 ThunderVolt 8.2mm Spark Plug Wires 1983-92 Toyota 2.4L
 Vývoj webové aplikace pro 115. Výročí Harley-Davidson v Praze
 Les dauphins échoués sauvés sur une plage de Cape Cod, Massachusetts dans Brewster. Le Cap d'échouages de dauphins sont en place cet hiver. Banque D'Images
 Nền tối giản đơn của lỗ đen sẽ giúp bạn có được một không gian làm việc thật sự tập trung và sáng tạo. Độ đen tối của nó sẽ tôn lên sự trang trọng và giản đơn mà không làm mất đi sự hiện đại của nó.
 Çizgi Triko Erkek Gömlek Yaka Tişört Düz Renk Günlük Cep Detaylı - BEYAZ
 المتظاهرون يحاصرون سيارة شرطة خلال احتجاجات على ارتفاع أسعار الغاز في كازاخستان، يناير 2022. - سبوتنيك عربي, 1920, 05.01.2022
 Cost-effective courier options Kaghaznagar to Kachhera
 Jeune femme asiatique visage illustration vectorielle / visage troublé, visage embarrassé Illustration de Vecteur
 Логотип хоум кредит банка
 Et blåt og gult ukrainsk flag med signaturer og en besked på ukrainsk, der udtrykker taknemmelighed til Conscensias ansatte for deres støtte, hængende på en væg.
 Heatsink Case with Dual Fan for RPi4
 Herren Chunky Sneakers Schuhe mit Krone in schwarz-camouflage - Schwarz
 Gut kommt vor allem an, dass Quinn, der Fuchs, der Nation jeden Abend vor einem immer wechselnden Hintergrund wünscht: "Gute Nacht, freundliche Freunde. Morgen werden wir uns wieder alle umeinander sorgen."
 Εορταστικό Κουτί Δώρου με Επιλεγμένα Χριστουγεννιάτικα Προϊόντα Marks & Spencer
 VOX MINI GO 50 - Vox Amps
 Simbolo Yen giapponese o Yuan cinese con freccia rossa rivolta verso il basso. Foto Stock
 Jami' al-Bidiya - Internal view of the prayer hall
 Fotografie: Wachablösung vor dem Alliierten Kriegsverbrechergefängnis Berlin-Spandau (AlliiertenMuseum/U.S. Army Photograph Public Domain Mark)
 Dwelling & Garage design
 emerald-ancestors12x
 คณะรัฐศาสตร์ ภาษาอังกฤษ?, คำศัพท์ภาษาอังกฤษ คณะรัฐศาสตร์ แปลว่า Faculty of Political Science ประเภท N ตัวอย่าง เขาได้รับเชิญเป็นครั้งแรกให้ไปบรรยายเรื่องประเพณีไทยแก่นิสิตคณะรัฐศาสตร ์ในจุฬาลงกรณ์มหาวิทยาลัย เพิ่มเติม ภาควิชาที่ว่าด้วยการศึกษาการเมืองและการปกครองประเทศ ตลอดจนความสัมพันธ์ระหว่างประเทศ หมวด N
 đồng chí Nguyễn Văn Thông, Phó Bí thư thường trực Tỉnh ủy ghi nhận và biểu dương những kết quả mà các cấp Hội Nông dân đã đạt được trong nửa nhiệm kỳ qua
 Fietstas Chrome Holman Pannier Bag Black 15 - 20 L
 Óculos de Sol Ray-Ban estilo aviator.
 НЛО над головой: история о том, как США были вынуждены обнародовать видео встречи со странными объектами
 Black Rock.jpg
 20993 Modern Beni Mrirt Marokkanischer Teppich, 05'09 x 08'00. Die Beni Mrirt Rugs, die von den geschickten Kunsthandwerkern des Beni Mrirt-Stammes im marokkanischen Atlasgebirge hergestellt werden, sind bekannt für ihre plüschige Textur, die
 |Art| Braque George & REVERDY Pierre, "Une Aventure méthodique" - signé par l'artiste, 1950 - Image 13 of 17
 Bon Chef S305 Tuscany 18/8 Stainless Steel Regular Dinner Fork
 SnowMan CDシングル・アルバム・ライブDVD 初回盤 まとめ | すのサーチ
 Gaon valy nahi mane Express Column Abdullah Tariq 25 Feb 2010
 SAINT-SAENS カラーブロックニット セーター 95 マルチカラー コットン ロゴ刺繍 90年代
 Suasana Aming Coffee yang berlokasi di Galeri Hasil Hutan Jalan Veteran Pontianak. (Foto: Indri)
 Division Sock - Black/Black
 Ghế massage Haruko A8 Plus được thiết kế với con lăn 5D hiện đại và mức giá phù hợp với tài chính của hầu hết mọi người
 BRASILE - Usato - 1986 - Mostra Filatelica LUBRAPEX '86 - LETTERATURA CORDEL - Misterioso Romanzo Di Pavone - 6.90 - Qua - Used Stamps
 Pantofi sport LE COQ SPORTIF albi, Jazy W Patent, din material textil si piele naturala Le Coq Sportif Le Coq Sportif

WHAT YOU HAVE TO DO → Restate all of the entries above precisely.

EXERCISE SOLUTION →
 ThunderVolt 8.2mm Spark Plug Wires 1983-92 Toyota 2.4L
 Vývoj webové aplikace pro 115. Výročí Harley-Davidson v Praze
 Les dauphins échoués sauvés sur une plage de Cape Cod, Massachusetts dans Brewster. Le Cap d'échouages de dauphins sont en place cet hiver. Banque D'Images
 Nền tối giản đơn của lỗ đen sẽ giúp bạn có được một không gian làm việc thật sự tập trung và sáng tạo. Độ đen tối của nó sẽ tôn lên sự trang trọng và giản đơn mà không làm mất đi sự hiện đại của nó.
 Çizgi Triko Erkek Gömlek Yaka Tişört Düz Renk Günlük Cep Detaylı - BEYAZ
 المتظاهرون يحاصرون سيارة شرطة خلال احتجاجات على ارتفاع أسعار الغاز في كازاخستان، يناير 2022. - سبوتنيك عربي, 1920, 05.01.2022
 Cost-effective courier options Kaghaznagar to Kachhera
 Jeune femme asiatique visage illustration vectorielle / visage troublé, visage embarrassé Illustration de Vecteur
 Логотип хоум кредит банка
 Et blåt og gult ukrainsk flag med signaturer og en besked på ukrainsk, der udtrykker taknemmelighed til Conscensias ansatte for deres støtte, hængende på en væg.
 Heatsink Case with Dual Fan for RPi4
 Herren Chunky Sneakers Schuhe mit Krone in schwarz-camouflage - Schwarz
 Gut kommt vor allem an, dass Quinn, der Fuchs, der Nation jeden Abend vor einem immer wechselnden Hintergrund wünscht: "Gute Nacht, freundliche Freunde. Morgen werden wir uns wieder alle umeinander sorgen."
 Εορταστικό Κουτί Δώρου με Επιλεγμένα Χριστουγεννιάτικα Προϊόντα Marks & Spencer
 VOX MINI GO 50 - Vox Amps
 Simbolo Yen giapponese o Yuan cinese con freccia rossa rivolta verso il basso. Foto Stock
 Jami' al-Bidiya - Internal view of the prayer hall
 Fotografie: Wachablösung vor dem Alliierten Kriegsverbrechergefängnis Berlin-Spandau (AlliiertenMuseum/U.S. Army Photograph Public Domain Mark)
 Dwelling & Garage design
 emerald-ancestors12x
 คณะรัฐศาสตร์ ภาษาอังกฤษ?, คำศัพท์ภาษาอังกฤษ คณะรัฐศาสตร์ แปลว่า Faculty of Political Science ประเภท N ตัวอย่าง เขาได้รับเชิญเป็นครั้งแรกให้ไปบรรยายเรื่องประเพณีไทยแก่นิสิตคณะรัฐศาสตร ์ในจุฬาลงกรณ์มหาวิทยาลัย เพิ่มเติม ภาควิชาที่ว่าด้วยการศึกษาการเมืองและการปกครองประเทศ ตลอดจนความสัมพันธ์ระหว่างประเทศ หมวด N
 đồng chí Nguyễn Văn Thông, Phó Bí thư thường trực Tỉnh ủy ghi nhận và biểu dương những kết quả mà các cấp Hội Nông dân đã đạt được trong nửa nhiệm kỳ qua
 Fietstas Chrome Holman Pannier Bag Black 15 - 20 L
 Óculos de Sol Ray-Ban estilo aviator.
 НЛО над головой: история о том, как США были вынуждены обнародовать видео встречи со странными объектами
 Black Rock.jpg
 20993 Modern Beni Mrirt Marokkanischer Teppich, 05'09 x 08'00. Die Beni Mrirt Rugs, die von den geschickten Kunsthandwerkern des Beni Mrirt-Stammes im marokkanischen Atlasgebirge hergestellt werden, sind bekannt für ihre plüschige Textur, die
 |Art| Braque George & REVERDY Pierre, "Une Aventure méthodique" - signé par l'artiste, 1950 - Image 13 of 17
 Bon Chef S305 Tuscany 18/8 Stainless Steel Regular Dinner Fork
 SnowMan CDシングル・アルバム・ライブDVD 初回盤 まとめ | すのサーチ
 Gaon valy nahi mane Express Column Abdullah Tariq 25 Feb 2010
 SAINT-SAENS カラーブロックニット セーター 95 マルチカラー コットン ロゴ刺繍 90年代
 Suasana Aming Coffee yang berlokasi di Galeri Hasil Hutan Jalan Veteran Pontianak. (Foto: Indri)
 Division Sock - Black/Black
 Ghế massage Haruko A8 Plus được thiết kế với con lăn 5D hiện đại và mức giá phù hợp với tài chính của hầu hết mọi người
 BRASILE - Usato - 1986 - Mostra Filatelica LUBRAPEX '86 - LETTERATURA CORDEL - Misterioso Romanzo Di Pavone - 6.90 - Qua - Used Stamps
 Pantofi sport LE COQ SPORTIF albi, Jazy W Patent, din material textil si piele naturala Le Coq Sportif Le Coq Sportif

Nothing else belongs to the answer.